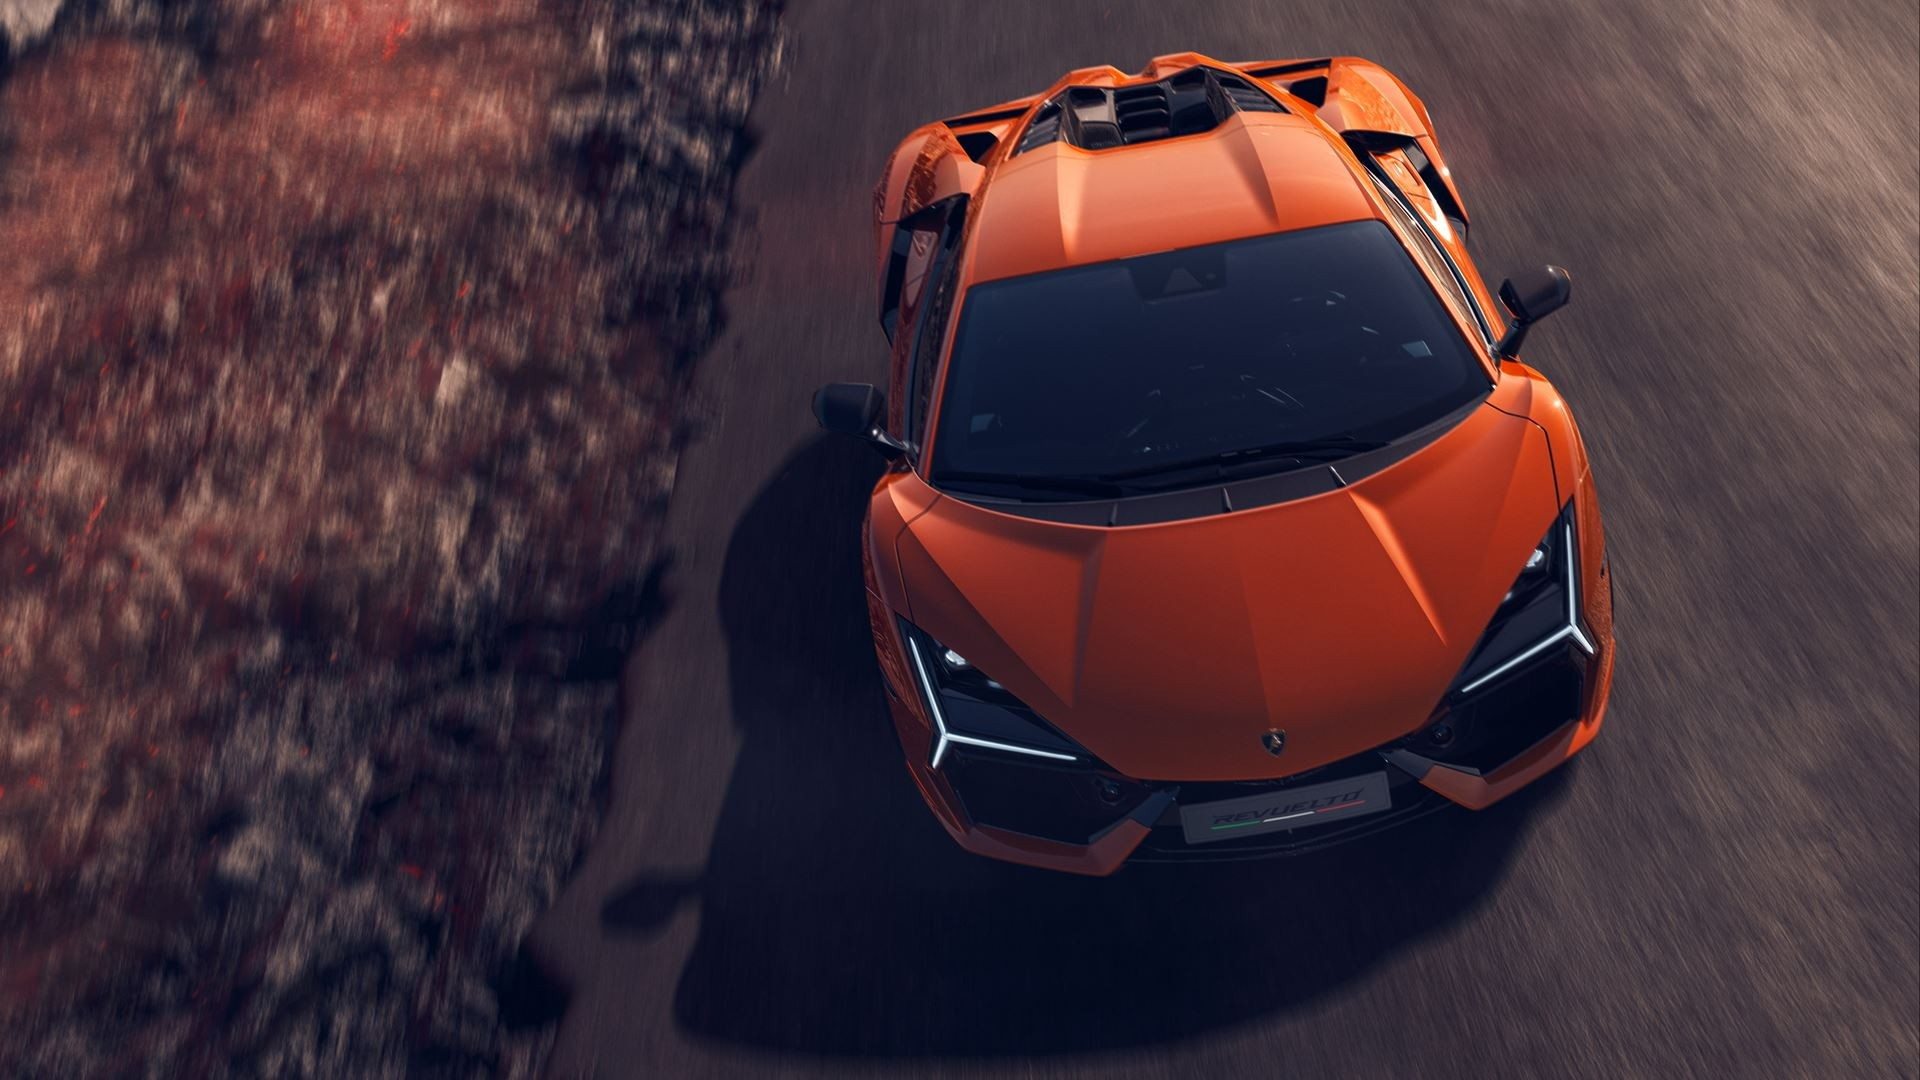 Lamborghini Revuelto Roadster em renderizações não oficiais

--

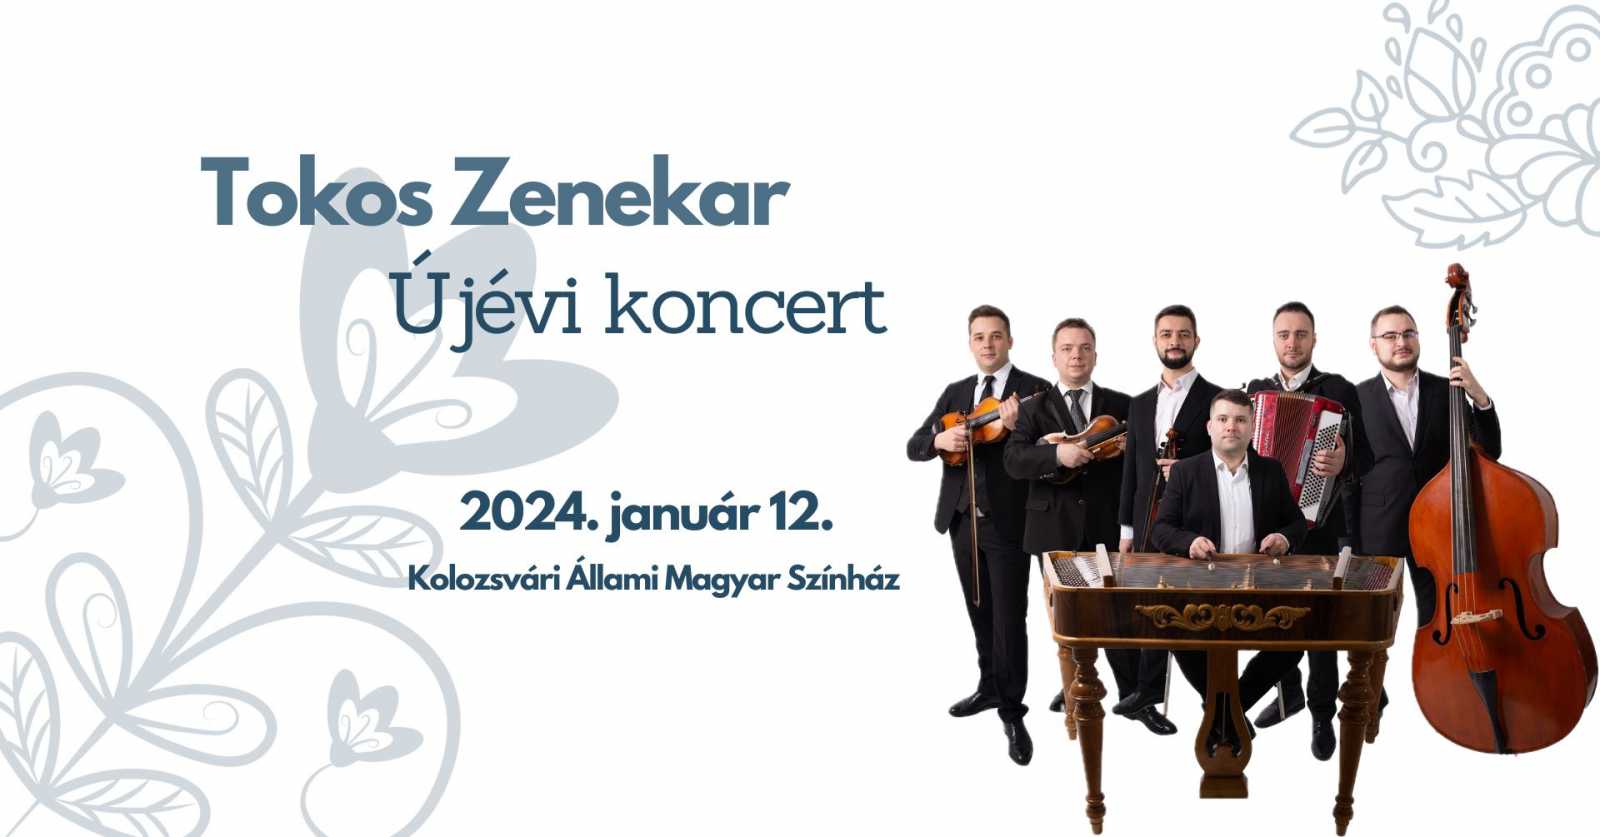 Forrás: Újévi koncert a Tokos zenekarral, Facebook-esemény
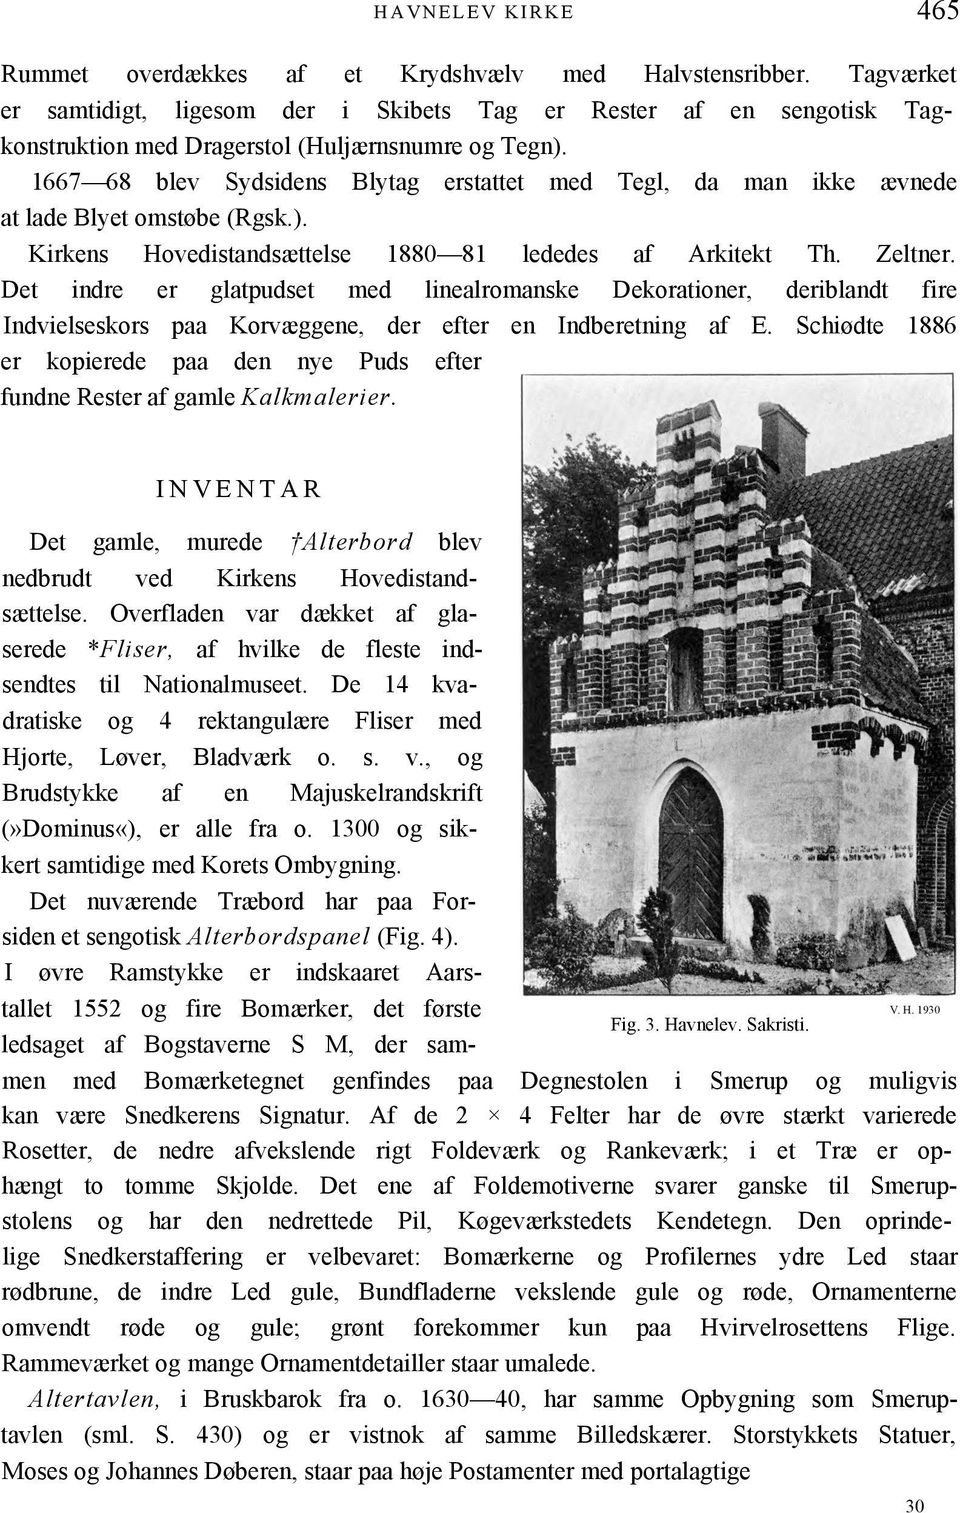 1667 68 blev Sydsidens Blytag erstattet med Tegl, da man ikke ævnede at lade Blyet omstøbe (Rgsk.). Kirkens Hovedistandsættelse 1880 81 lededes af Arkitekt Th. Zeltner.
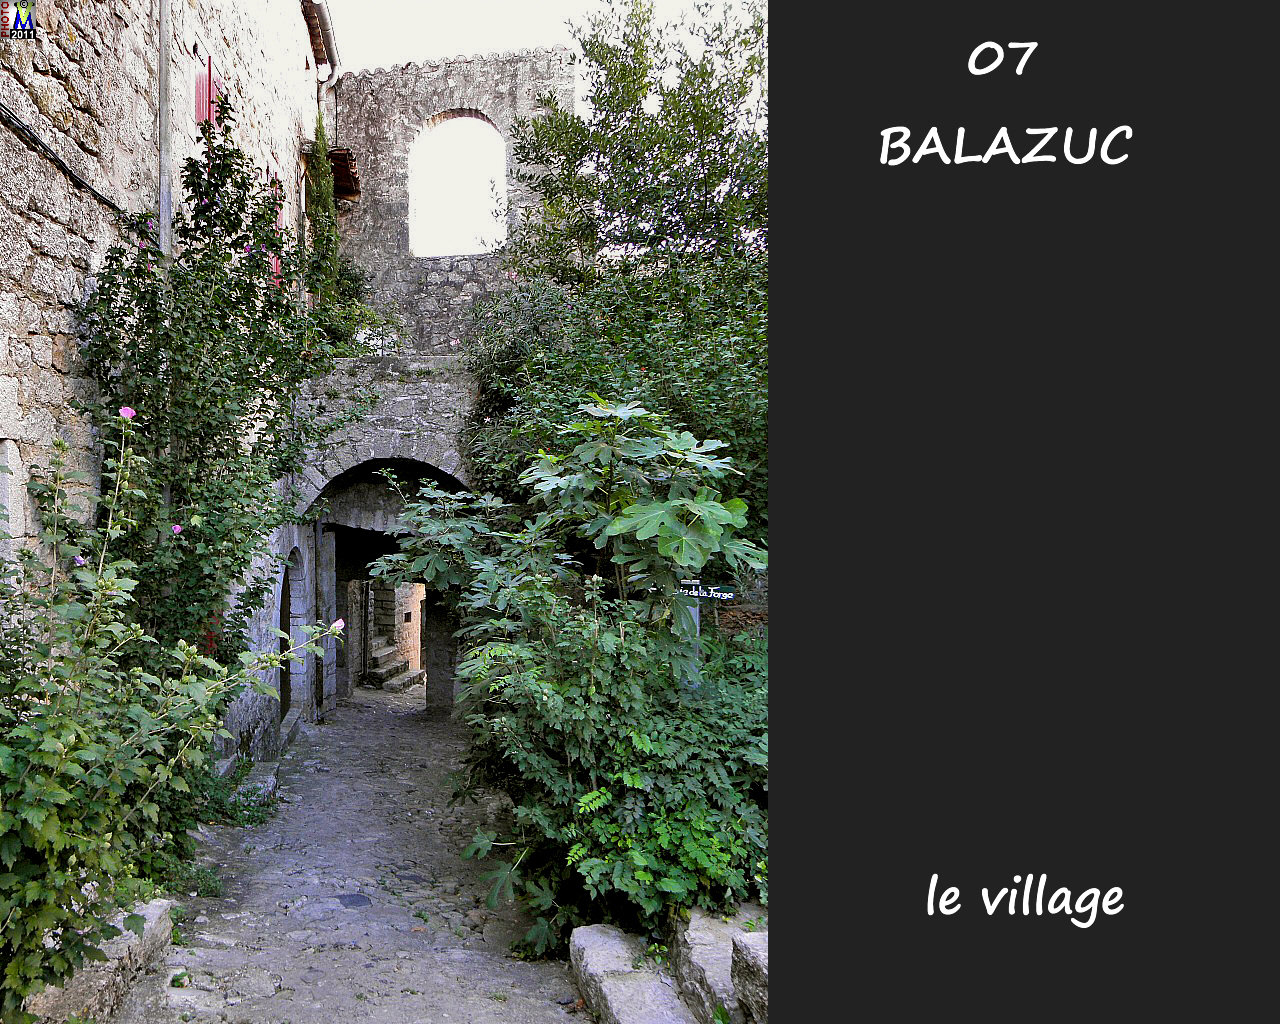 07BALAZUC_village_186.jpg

→ **Activity**
Transcribe, word for word, the lines of the listing above from the one that contains "Forrás: Újévi koncert" through the one that contains "07BALAZUC_village_186.jpg", keeping both ends and dropping the pictures.

→ **Response to this exercise**
 Forrás: Újévi koncert a Tokos zenekarral, Facebook-esemény
 1667 68 blev Sydsidens Blytag erstattet med Tegl, da man ikke ævnede at lade Blyet omstøbe (Rgsk.). Kirkens Hovedistandsættelse 1880 81 lededes af Arkitekt Th. Zeltner.
 07BALAZUC_village_186.jpg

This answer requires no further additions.